### THE TASK:
All of the lines below are to be transcribed faithfully, with pictures excluded from the copy.
START COLLECTED MATERIAL
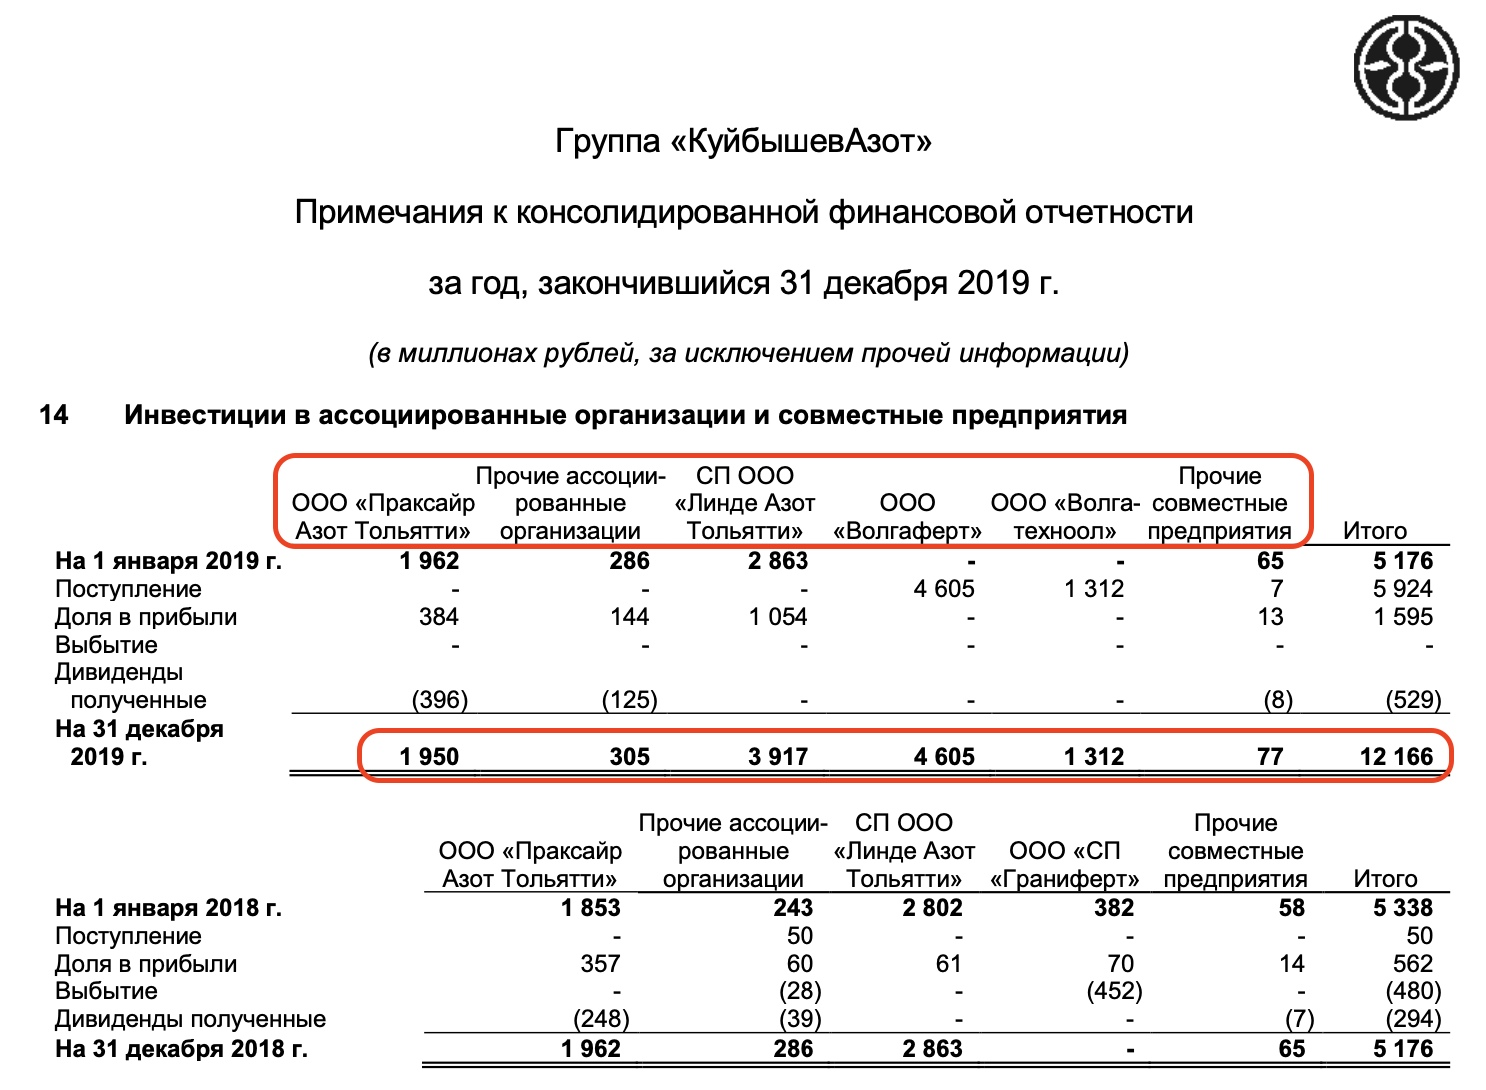 КуйбышевАзот - полный разбор компании + SWOT-анализ, изображение №5
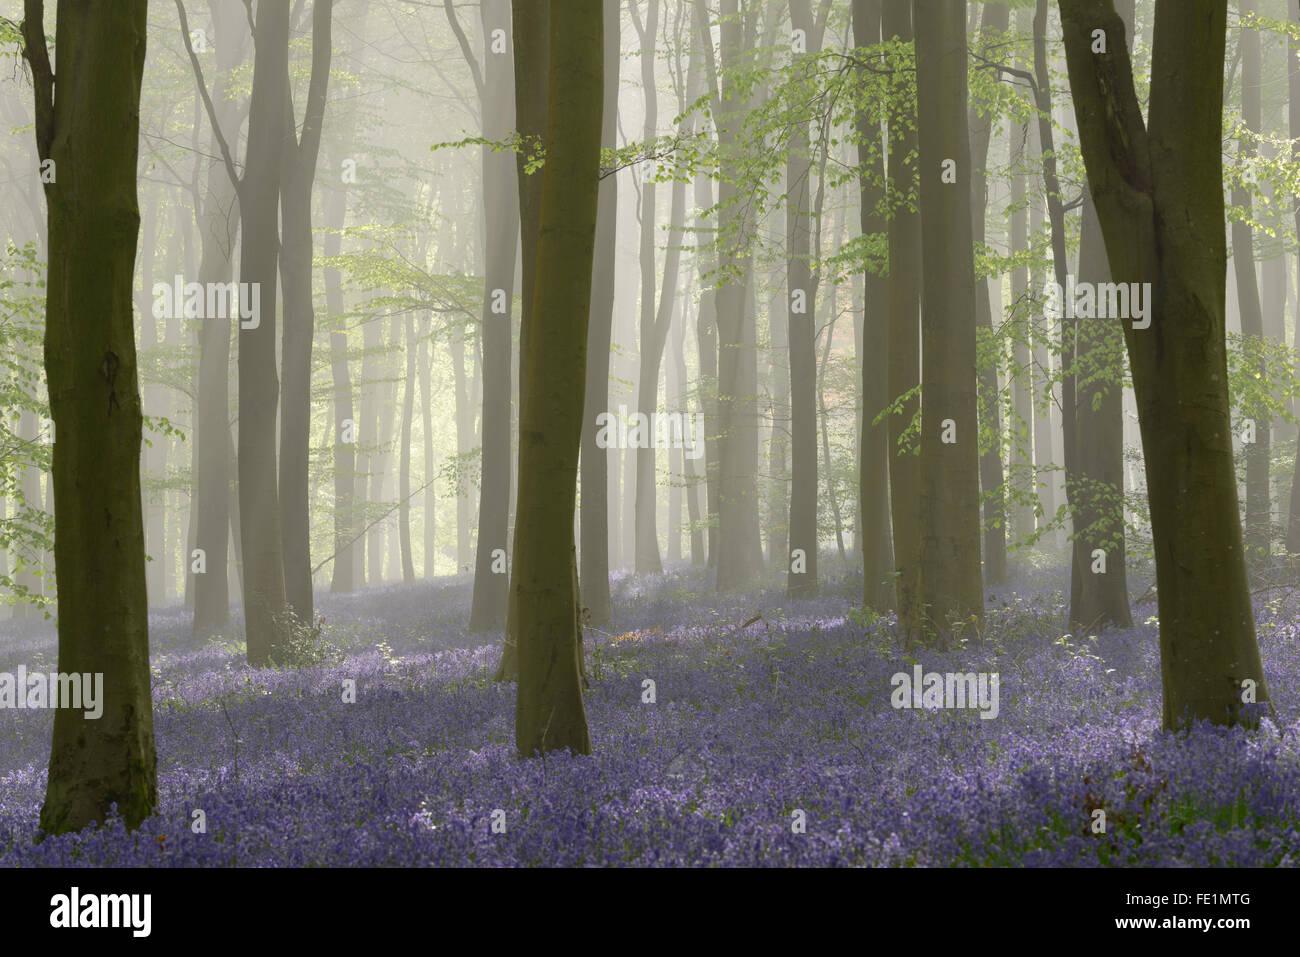 Rempli de jacinthes des bois sur un matin de printemps près de Micheldever misty dans le Hampshire. Photo Stock
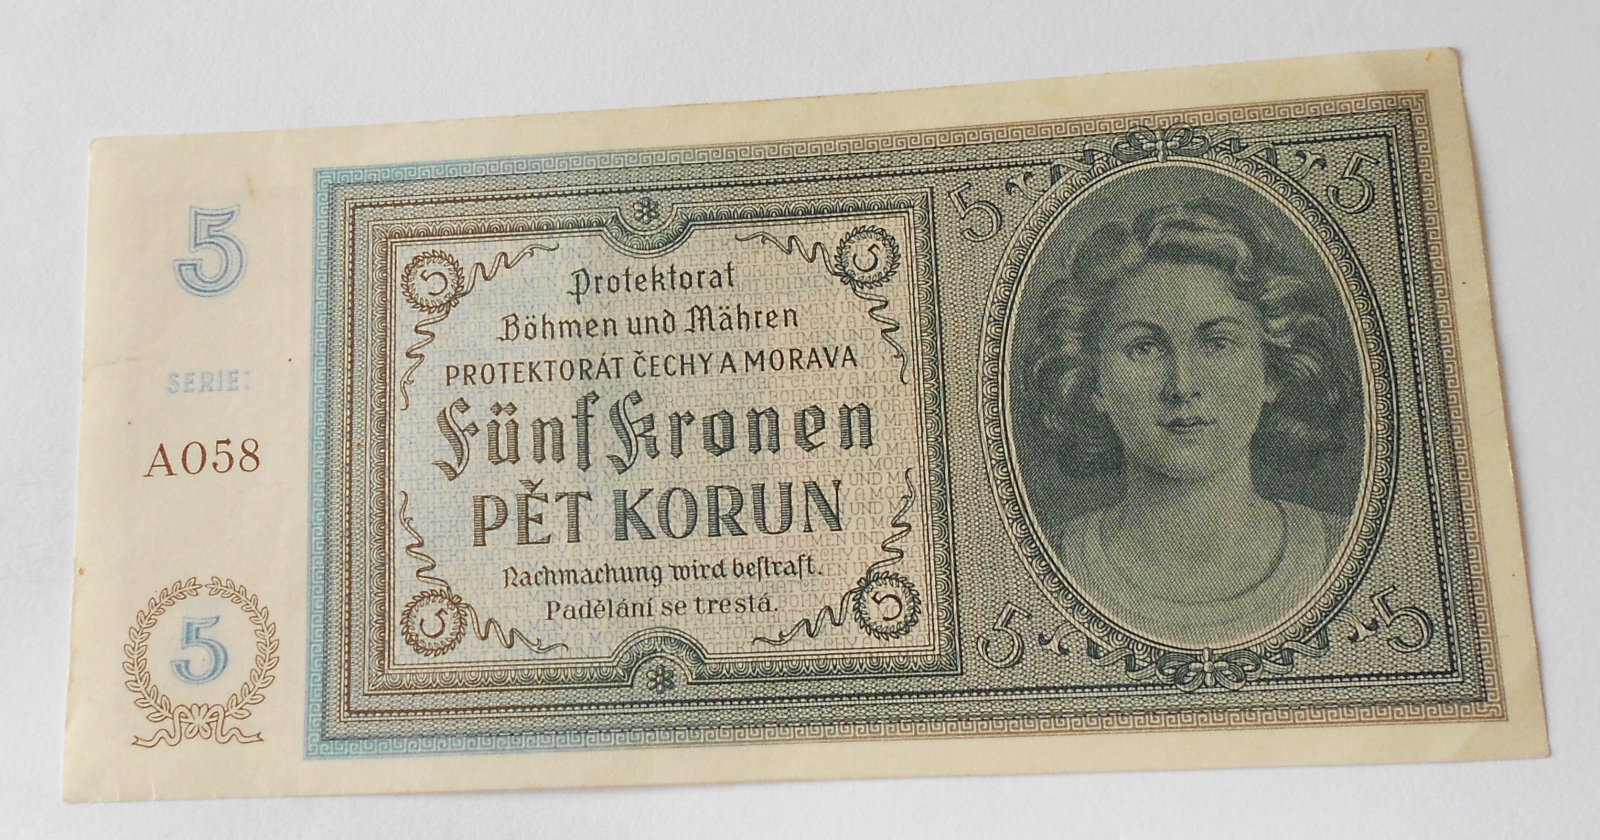 5 Koruna 1940, A-058
END COLLECTED MATERIAL
### SOLUTION BELOW:
 КуйбышевАзот - полный разбор компании + SWOT-анализ, изображение №5
 Rempli de jacinthes des bois sur un matin de printemps près de Micheldever misty dans le Hampshire. Photo Stock
 5 Koruna 1940, A-058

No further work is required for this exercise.